Historic site in Rockbridge County, Virginia, US

The Cedar Hill Church and Cemeteries are located in historic Rockbridge County, Virginia. The small log church, which also served as a schoolhouse, was built in 1874 evoking the history of Rockbridge County's African American community. The land was given by a white farmer named John Replogle and transferred to" Trustees for the Colored Baptist Congregation" A cemetery was established behind the church, marked today by a scattering of field stone memorials. Because of the rocky ground, a new cemetery was laid out at a separate location around 1890 and is still in use.
The Cedar Hill congregation was formed shortly after the Civil War. It consisted of African Americans that basically worked and lived on white-owned farms. The meetings were held in a log dwelling southwest of the present church. Later, the congregation met under a large oak tree that stood approximately one and a half miles west of the present church. Cedar Hill's oak tree meeting-place was similar to the brush arbor churches that many freedman congregations established in Virginia following the Civil war as temporary shelter. It is said that many members were buried near that oak tree that was called as the "Gospel Tree". The tree was destroyed by lightning around 1890, but the stump is still visible and a limb from it is kept at the present church as a historic memento.

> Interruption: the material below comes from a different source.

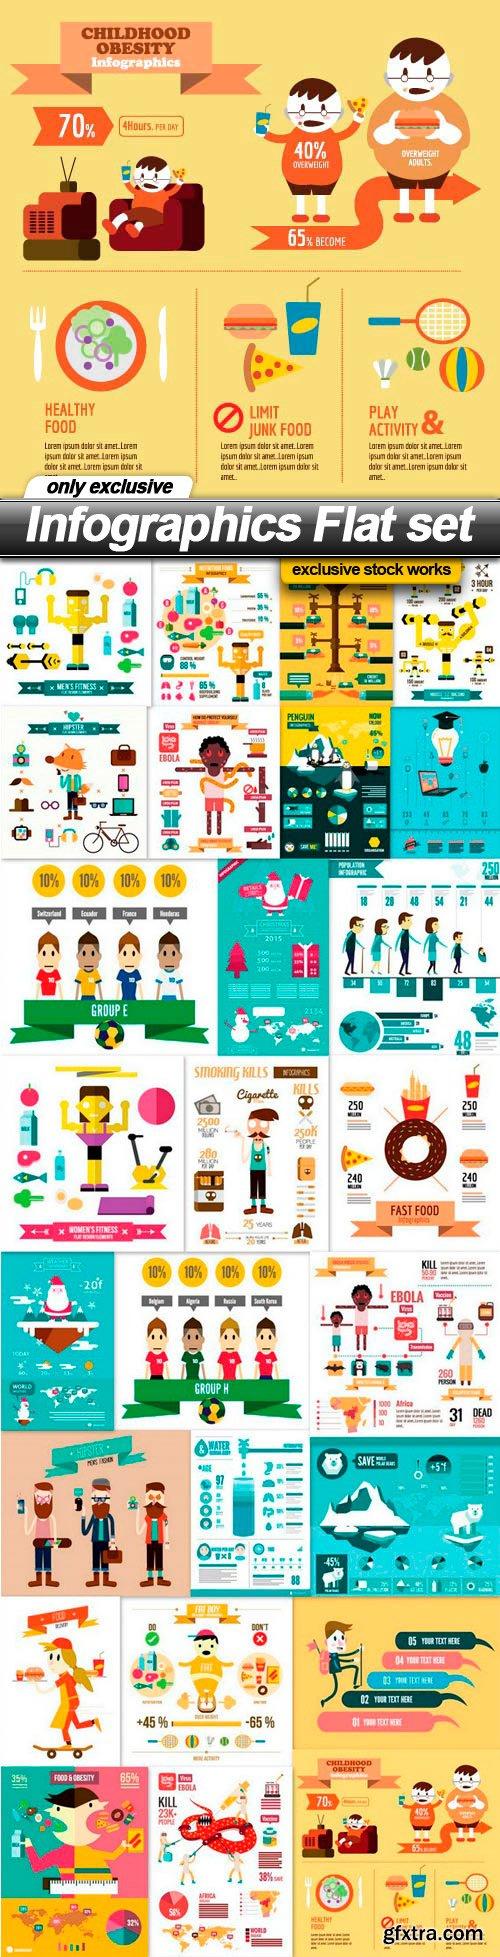 Infographics Flat set - 26 EPS

By the late 1920s, the church began to lose many of its key members. Most moved to the nearest city, Lexington, where there was better opportunities for work and education. After 1939, the church sat idle for 26 years until a yearly homecoming was established in 1965. The annual homecomings are held at the church on the third Sunday in August.

Cedar Hill is acknowledged as an important site and illustration the African American heritage of rural Rockbridge County, Va. The Church is registered with the United States Department of the Interior National Park Service and National Register of Historic Places.

Cedar Hill Church and Cemeteries is a historic African-American church and two cemeteries located near Lexington, Rockbridge County, Virginia. It was built in 1874, and is a one-story, one room, log building sheathed in plain and beaded boards. Also on the property are the Old Cemetery, used during the late-19th century, and the New Cemetery, established in 1890 and still in use.

It was listed on the National Register of Historic Places in 2002.